Royales Dankeschön

Herzogin Catherine besucht Brautkleid-Näherinnen

Herzogin Catherine besucht Brautkleid-Näherinnen
Herzogin Catherine
Der Tag ihres Lebens: Herzogin Catherine

Es war DAS Kleid – und gleichzeitig das wohl am besten gehütete Geheimnis – des Jahres 2011: Das Brautkleid von Kate Middleton, der jetzigen Herzogin Catherine, das ihr Alexander McQueen-Designerin Sarah Burton auf den royalen Leib schneiderte. Jetzt bedankte sich die Braut bei denen, die auch ihre Händchen im Spiel hatten.

Es war Prinzessinnentraum und Staatsgeheimnis zugleich: das wunderschöne Hochzeitskleid, in dem Kate Middleton im April letzten Jahres dem zukünftigen König von England die ewige Treue schwor. Wochenlang hatte die Gerüchteküche gebrodelt, und Klatschmagazine und Palastinsider überboten sich mit Spekulationen darüber, welcher Designer denn nun die Ehre haben würde, der künftigen Herzogin Catherine das wichtigste Kleid ihres Lebens auf den zarten Leib zu schneidern. Schließlich machte Sarah Burton das Rennen und hüllte die Braut für ihr Label Alexander McQueen in einen Traum aus Seide und Spitze. Dass dieser weiße Traum in mühevoller Handarbeit entstanden ist, versteht sich von selbst, wurde bisher aber weder groß erwähnt, noch gebührend gewürdigt.

Herzogin Catherine
Drei-Meter-Schleppe zwischen Pippa und Kate Middleton

Herzogin Catherine bedankt sich

Doch jetzt entschied sich Herzogin Catherine dazu, den Näherinnen persönlich zu danken, die ihr traumhaftes Brautkleid in mühsamer Kleinstarbeit und unter erschwerten Bedingungen hergestellt hatten. Knapp 50.000 Euro soll das gute Stück wert sein. Dafür wurden verschiedene Seiden- und Spitzensorten verarbeitet, auf die Distel-, Rosen-, Kleeblatt- und Narzissenmuster aufgestickt wurden. 58 Knöpfe und eine drei Meter lange Schleppe komplettierten das Kleid des Jahres.

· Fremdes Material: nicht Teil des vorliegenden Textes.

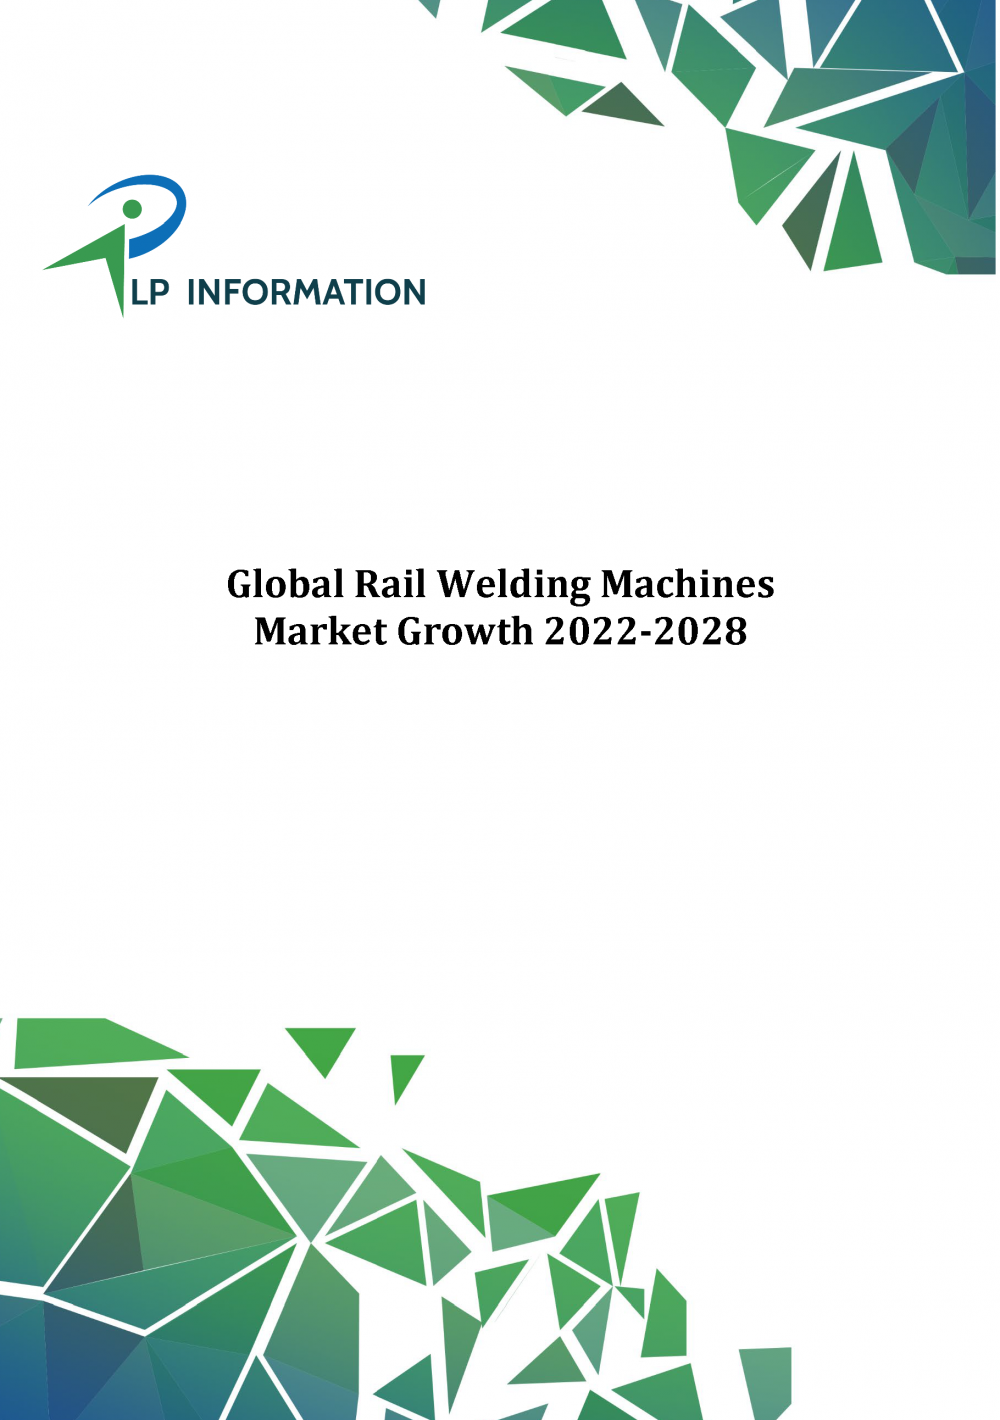 Global Rail Welding Machines Market Growth 2022-2028

Für die Näherinnen an der Royal School of Needlework bedeutete die Arbeit an Kate Middletons Kleid Stress pur, denn sie mussten nicht nur rund um die Uhr sticken und nähen, sondern auch Handschuhe tragen und sich zusätzlich alle 30 Minuten die Hände waschen, um die exklusiven Stoffe nicht zu verunreinigen. Außerdem wurde vor ihnen lange Zeit geheim gehalten, für wen sie da eigentlich arbeiteten und welchem Designer sie ihre wunden Finger zu verdanken hatten. Trotzdem fühlten sich die Näherinnen letztendlich natürlich sehr geehrt und geschmeichelt, dass sie am Brautkleid der Herzogin von Cambridge mitarbeiten durften.

Auch Herzogin Catherine selbst beeindruckte die Näherinnen jetzt bei ihrem Dankesbesuch. Dem „British Telegraph“ sagten sie: „Catherine lag sehr viel daran, uns ihre Dankbarkeit persönlich zu überbringen. Sie war sich absolut bewusst, wie viel Arbeit dahinter steckte und unter welchem Druck wir standen.“ Doch nicht nur für Kate Middleton, sondern auch für alle, die am Traumkleid mitgewirkt haben, haben sich alle Mühen und Strapazen durchaus gelohnt. Denn das Ergebnis kann sich nun wirklich mehr als sehen lassen, oder?